The pattern that works is small batches committed often. A transaction holding 10,000 rows open is risky: it holds locks longer, consumes memory, and a failure loses the whole thing. A transaction holding 100–500 rows committed in a loop is safe and fast. The overhead of opening and closing a transaction is negligible compared to the risk reduction.

## Three ways to write to Payload — and which one to use for imports

Payload gives you three layers to write data.

The **Local API** (`payload.create`, `payload.update`) runs the full document lifecycle: access control, validation, hooks, re-fetching. It is the right default for application logic but the wrong tool for bulk imports. Every row triggers the same overhead as a web request.

**`payload.db.*`** is Payload's direct database layer. It skips hooks, access control, and validation and writes straight to the adapter. It still lives inside Payload's abstraction, so it works correctly with Payload's transaction model (`beginTransaction`, `commitTransaction`, `rollbackTransaction`). This is the right default for production imports into Payload collections.

**Raw Drizzle** is the Postgres adapter's underlying ORM, exposed directly via `payload.db.drizzle`. It gives you full SQL expressiveness: bulk upserts, set-based updates, join-heavy inserts, conflict handling. The trade-off is that you are working outside Payload's abstraction entirely and need to know the generated table schema. This is the right tool when a single SQL statement can replace thousands of row-by-row operations.

| Approach | Hooks & validation | Transaction model | Best for |
|---|---|---|---|
| Local API | Yes | Auto-managed | Application logic, single documents |
| `payload.db.*` | No | Manual via `beginTransaction` | Production bulk imports into Payload collections |
| Raw Drizzle | No | Drizzle `tx` callback | Set-based bulk upserts, join-heavy writes, conflict handling |

## The hidden requirement for versioned collections

This is the part that catches almost everyone. If your collection has `versions: { drafts: true }` — which the Payload ecommerce plugin sets automatically via `autosave: true` — the Payload admin does not query the main `products` table for the list view.
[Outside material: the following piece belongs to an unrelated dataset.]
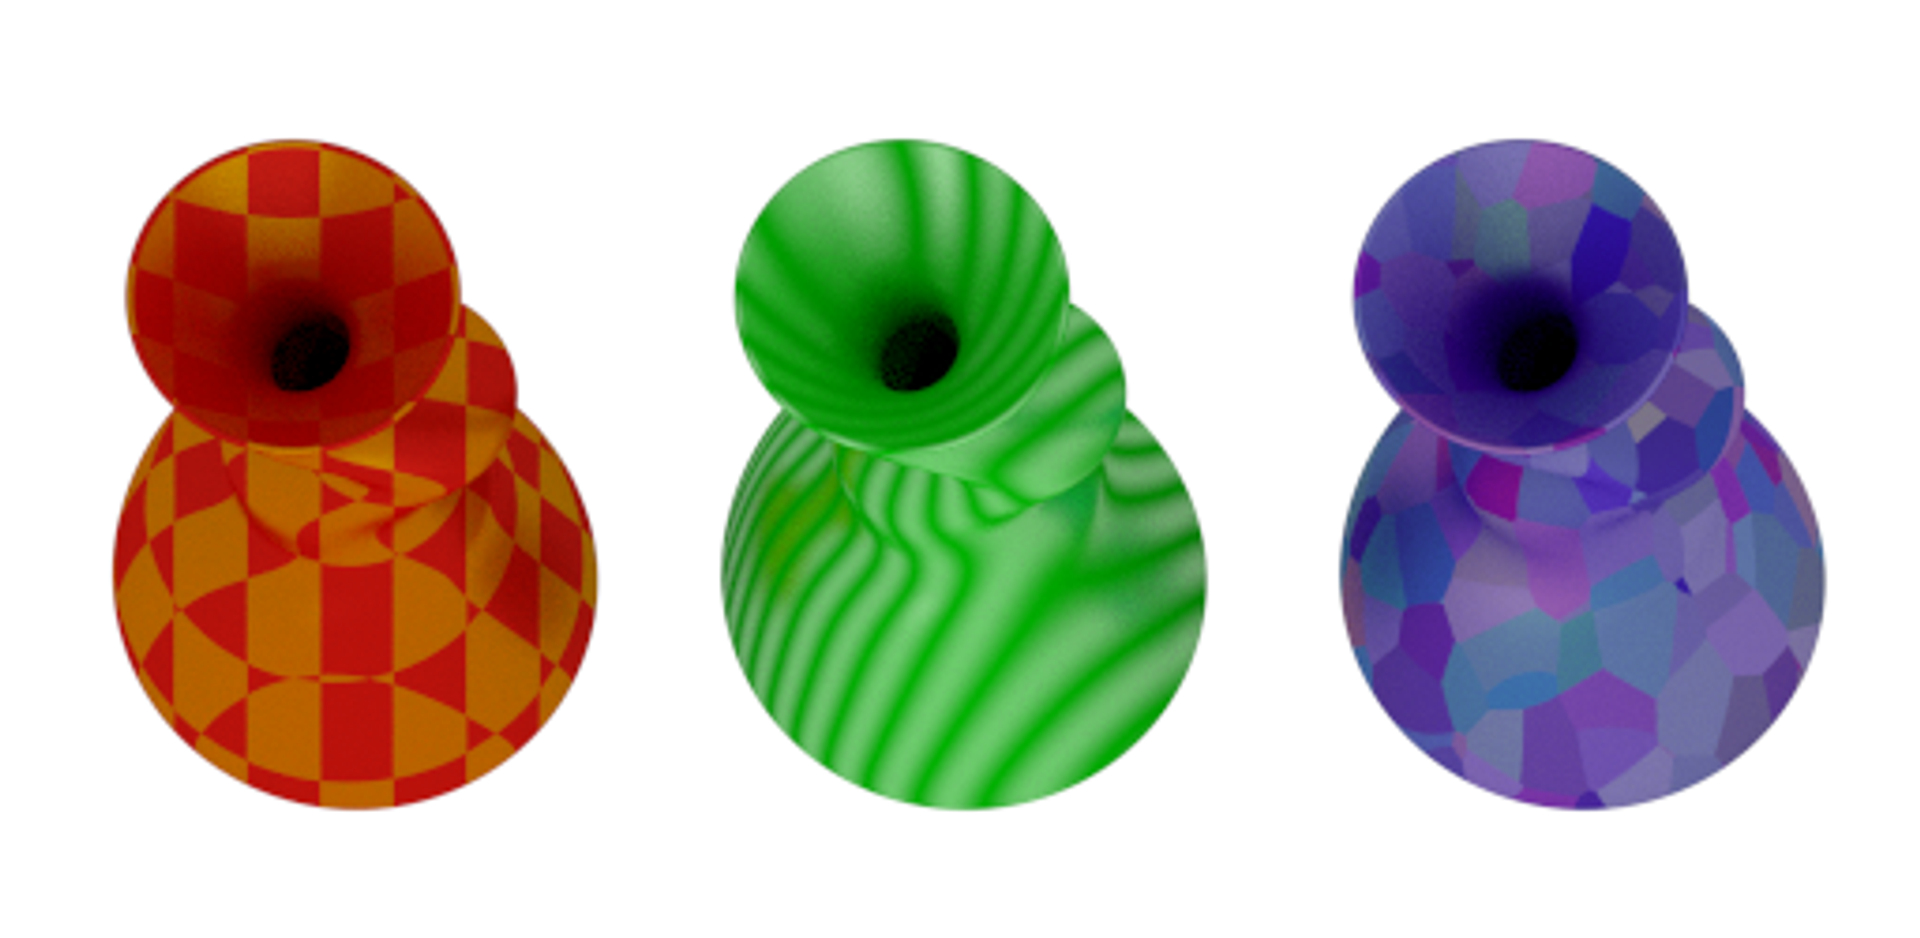 Colorful Vases Using Dual Color PLAs 1.75mm

It calls `queryDrafts()`, which queries `_products_v WHERE latest = true`.

Raw inserts into `products` only → the admin shows 0 results, even though the data is there.

The reason `payload.find()` via the Local API returns results while the admin shows nothing is that the Local API hits the main table directly. This masks the bug during debugging: your script seems to work because `payload.find()` returns rows, but anyone opening the admin panel sees an empty collection.

The fix is to call `payload.db.createVersion()` after every `payload.db.create()` call on a versioned collection. It inserts a row into `_products_v` with `latest = true`, which is what the admin queries.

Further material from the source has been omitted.